Lo scorso 6 novembre, scrive l'Ansa, le squadre hanno consegnato lo studio di fattibilità, con le integrazioni richieste dall'amministrazione e dal Consiglio comunale, che hanno però chiesto altre integrazione, coi documenti che dovrebbero arrivare il 19 giugno al Comune: "Aspettiamo le ultime documentazioni nei prossimi giorni – ha confermato il Direttore Area Pianificazione Tematica e Valorizzazione Aree, Giancarlo Tancredi, in commissione -. L’istruttoria dovrà essere conclusa previa consegna di tutti i documenti e la verifica di tipo amministrativo di tutti i documenti". Un percorso che avrà come esito finale una nuova delibera di giunta "che confermerà o meno il pubblico interesse", ha aggiunto.

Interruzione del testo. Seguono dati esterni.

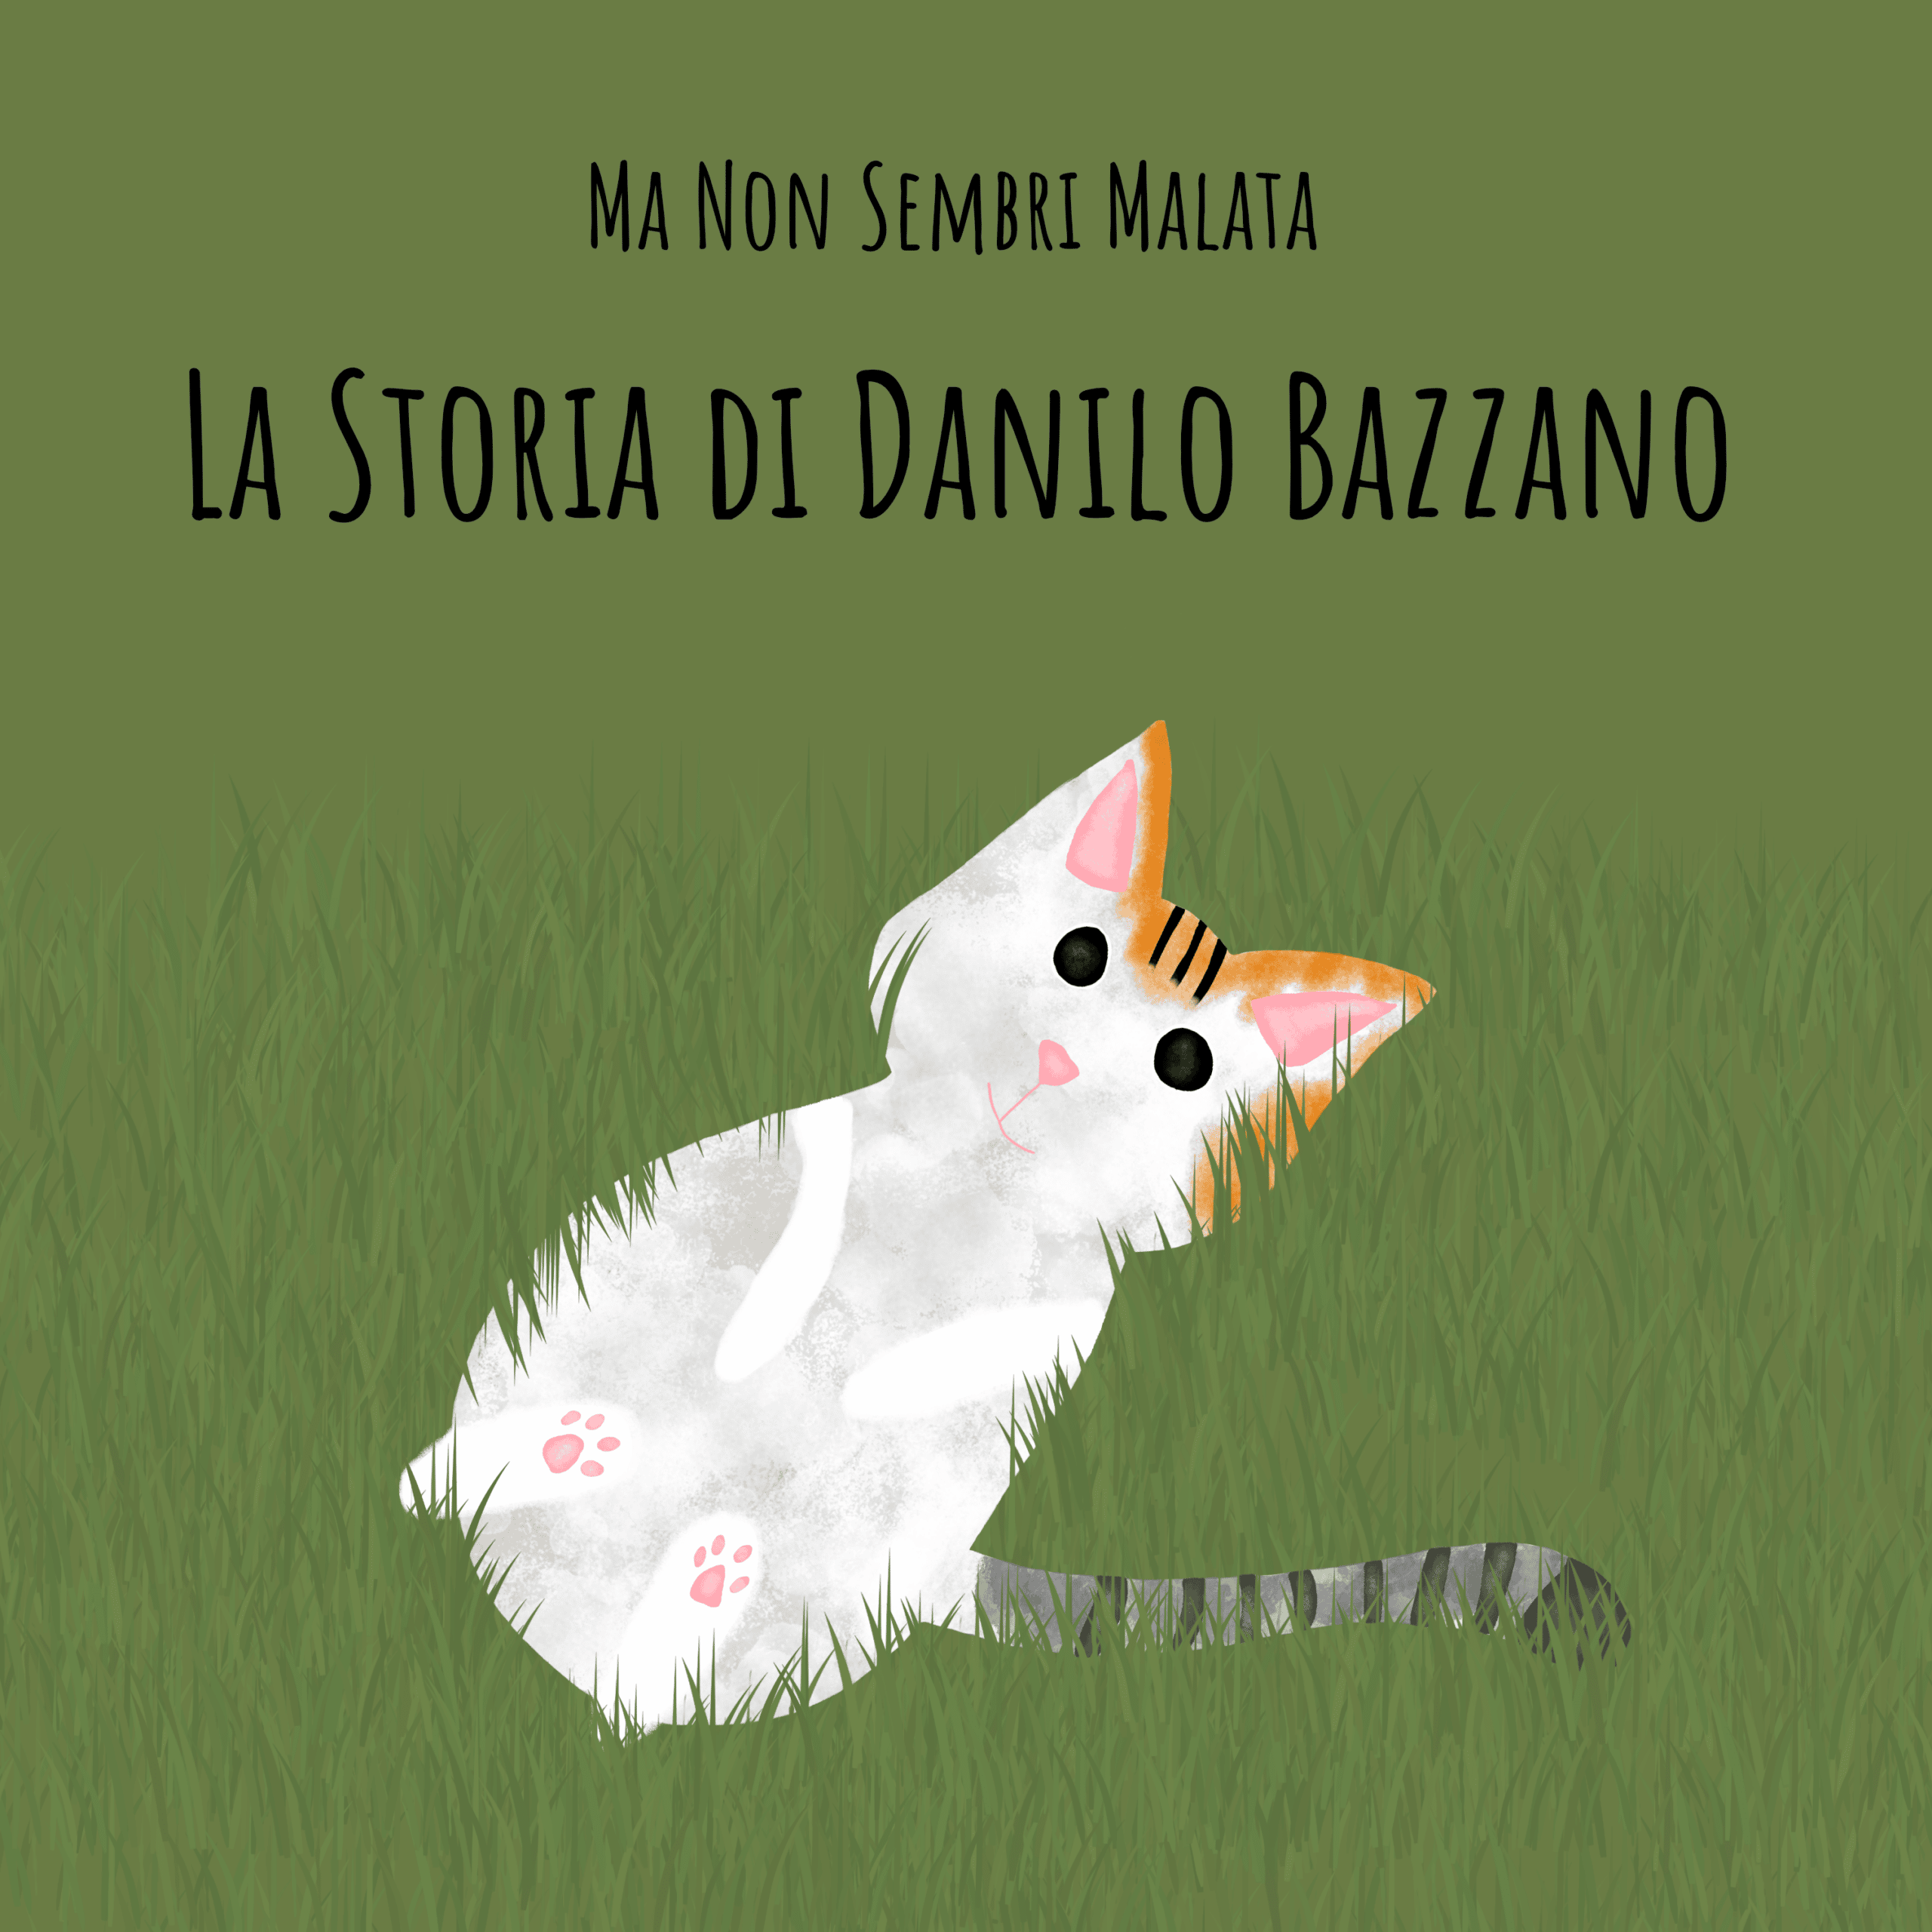 La storia di Danilo Bazzano

La maggioranza è ancora spaccata, a Milano, sul nuovo impianto: "un’idea urbanistica molto sbagliata su quel pezzo di città. Comanda il Pgt che tutti abbiamo votato o la legge sugli stadi, strumento rivelatosi inadeguato? Io penso che sia la prima e quindi credo che tutti dobbiamo ripensarci un attimo, qui è in gioco non solo quella parte di San Siro ma chi comanda a Milano. Io sono convinto che lo stadio non si farà neanche dopo le elezioni" le parole di Carlo Monguzzi del Pd. Queste, invece, quelle del consigliere del Pd David Gentili: "l'’Inter comunichi i nuovi titolari effettivi rispetto a quanto dichiarato a gennaio. Il tema dei titolari effettivi si sgancia da quello del progetto urbanistico è una questione propedeutica di regole e procedure. Non può essere coperto da riservatezza". 

Anche Forza Italia si esprime, con le parole del capogruppo Fabrizio De Pasquale: "quando abbiamo votato l’ ordine del giorno pensavo fosse un esercizio di sintesi politica per superare le obiezioni. Invece hanno ricominciato a manifestarsi i dubbi, le obiezioni e le richieste che hanno l’obiettivo di scavallare le elezioni perché il tema dello stadio non deve esserci nella campagna elettorale. Quello della maggioranza è un atteggiamento incoerente perché la giunta quando vuole ha fiducia nel privato".